Henchman law for vote fraud?
David Brin, whom I debated on the topic of Transparency yesterday, has been putting forward for some time the general idea of a henchman's amnesty law. Namely that, in the event of a criminal conspiracy, the first underling who whistle-blows can get some level of amnesty, witness protection and/or cash reward. A serious reward, in the millions. Such a rule would make it harder to pick henchmen, since in effect you're making them a millionaire if they turn on you.
Indeed, you have to worry that the very reason they might be joining you so easily is they plan to rat you out for the millions.
We have had a program for whistleblowers on companies that try to cheat the government, with some success, but I might suggest a good place to try a henchman law would be vote fraud. Combined with very stiff penalties (including life in prison for major vote fraud, which is effectively a coup d'etat) this should keep the conspiracies small, and less powerful.
Howoever, hacking of voting machines at the factory is a special type of vote fraud which could be done by a very few conspirators for a big result, so we still need voter verified ballots.
Of late, I've become curious about how readily we could, using certain encryption techniques, design a ballot system which would let you change or repudiate an already cast ballot, but still preserves the important principles of secret ballot. As you might guess, that's a challenge, since it seems inherent that if you can reverse a ballot you can know what it is. But it's possible some blinding algorithms might allow this.
Another option for mail-in ballots would be to provide each mail-in voter with two or more mail-in ballots. The ballots would be marked with a code, such as a red or green sticker. The voter would be told, through a secure and in-person channel, that one of the ballots is real and the others false. They must remember the colour of the true ballot. If they send in the ballot of the wrong colour, it also contains an encoded number that only the counting office is able to tell tags it as a bad ballot (and a sign of attempted voter coercion.)
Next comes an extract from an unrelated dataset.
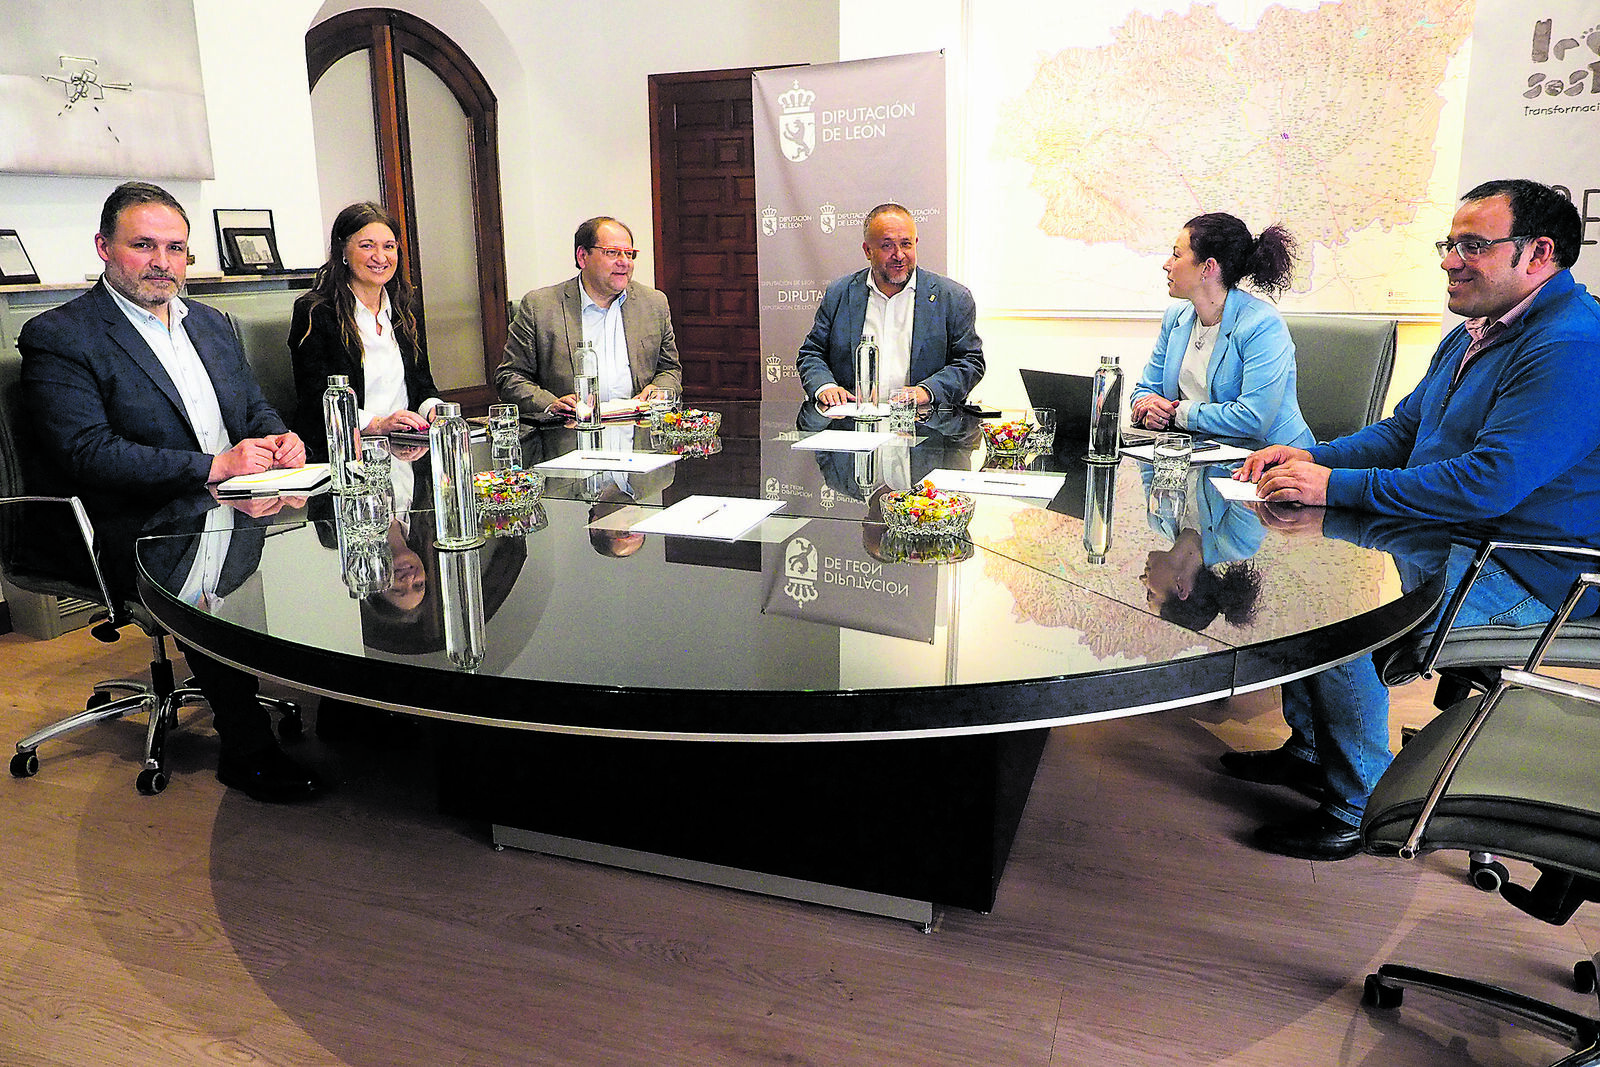 Imagen del encuentro entre los representantes de la Diputación de León y del Ayuntamiento de La Bañeza. | L.N.C.

The vote-coercer might have you send in all your ballots. One defence would be to have this void your vote. This allows vote coercers to use force or money to stop people from voting (which they already can do) but not to vote a particular way. Combined with my plan for secure internet voting it could allow one half of the secret ballot equation with votes cast over the internet.
Should we be able to perfect this, by finding a means for an audit trail on internet voting, this would, aside from saving much money, eliminate the problems of lines at the polls.